So far as it is known, compressive strength increases slightly with
the carbon, until cast iron is fairly reached; then the presence of
silicon, and the fact that we are dealing with a casting instead of
forged or rolled metal, causes a rapid fall in all resistances until the
strength is below that of 5 carbon steel.
With increase of carbon there is a reduction of ductility, so that
the extension of length and reduction of area decrease as the
strength increases. In every case the engineer must decide how little
ductility he can do with safely in securing the ultimate strength or the
elastic limit he may require.
The highest strength and the greatest ductility cannot be had
together; they are inverse functions one of the other.
If the exact resistances due to carbon were known along the
whole line, it would be of great value to give them here but nearly all
of the thousands of tests published are influenced by the quantities
of silicon, phosphorus, sulphur, manganese, or oxides present, and
an effort to determine the effects of the carbon-line exactly would be
hazardous.
Kirkaldy’s tests of Fagerota steel, published in 1876, furnish a
valuable guide in this direction.
Webster’s experiments on the effects of the different elements,
phosphorus, manganese, etc., are interesting and valuable, but he
has not yet tested a complete carbon-line with no other variables.
It has been stated time and again by experienced steel-makers
that the best steel, the most reliable under all circumstances, is that
which comes nearest to pure iron and carbon.
Some intelligent steel-makers, and engineers cast doubts upon
this statement, and assert that because phosphorus up to a certain
limit, or manganese, or silicon, or in fact it may be said almost any
element, added to dead-soft steel will give an increase of strength,
therefore the presence of one or more of these elements is not only
not harmful, but beneficial.
As a matter of fact, however, every one of these elements is
harmful, either in producing cold-shortness, or red-shortness, or
brittleness, and not one of them will add any good quality to steel
that may not be obtained better by the use of carbon. Given a
uniform minimum content of these impurities, the carbon-line may be
depended upon to furnish any desirable quality that is obtainable in
steel; and it is certain, always sure, that that steel which is the
nearest to pure carbon and iron will endure the most punishment
with the least harm.
That is to say, that such a steel when overheated a little, or
overworked, or subjected to any of the irregularities that are
inevitable in shop practice, will suffer less permanent harm than a
steel of equal strength where there is less carbon and the additional
strength is given by any other known substance.

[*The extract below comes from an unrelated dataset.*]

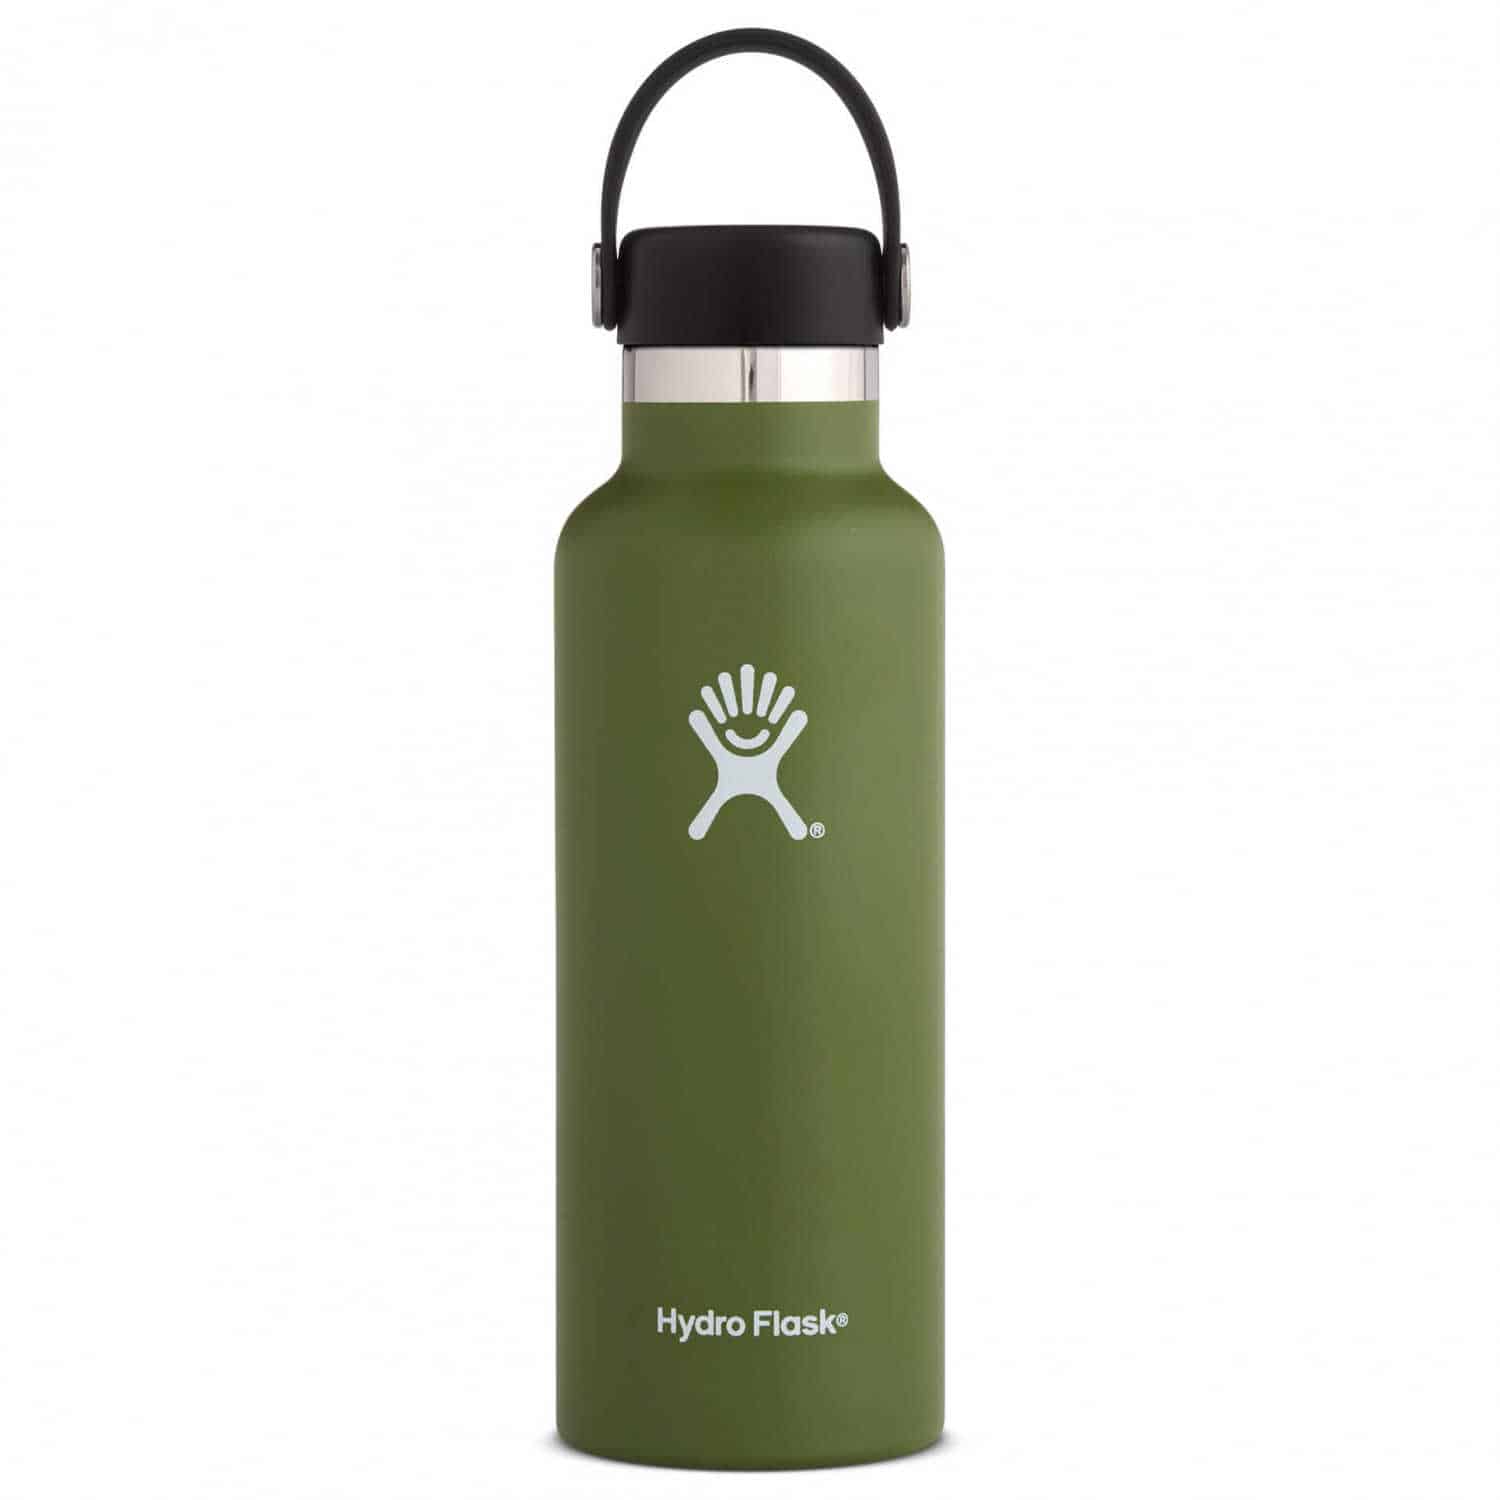 Hydroflask in green - an eco-friendly gift idea for Christmas

It is difficult to show this from testing-machine data, indeed it is
doubtful if any such data exist, but experience in the steel-works, in
the bridge- and machine-shops, and in the field proves it to be true.
For further discussion of this question see Chap. X.
The effects of a small difference in phosphorus or in silicon
contents are shown plainly and unmistakably in high-carbon steel,
and not so plainly in low-carbon steel; but as there is no known hard
and fast line that divides low steel, medium steel, and high steel, so
there is no marked difference in their properties. The same rules
hold all along the line, the same laws govern all of the way through.
There is no set of properties peculiar to low steel and another set
peculiar to high steel; the same laws govern all, and differences are
those of degree and not of law.
Given three samples of steel of the following compositions:
No. 1. No. 2. No. 3.
Silicon .02 .20 .02
Phosphorus .01 .01 .02
Sulphur .005 .005 .005
Manganese .100 .100 .100
No. 1. No. 2. No. 3.
Carbon 1.100 1.100 1.100
A skilful worker, not knowing the composition of any, will pick
them out invariably by tempering them and testing them with a hand-
hammer and by inspecting the fractures.
He will pronounce No. 1 to be the best and the strongest in every
way; No. 2 to be not quite as strong as No. 1, and more liable to
crack from a little variation in heat; No. 3 to be not so strong as No.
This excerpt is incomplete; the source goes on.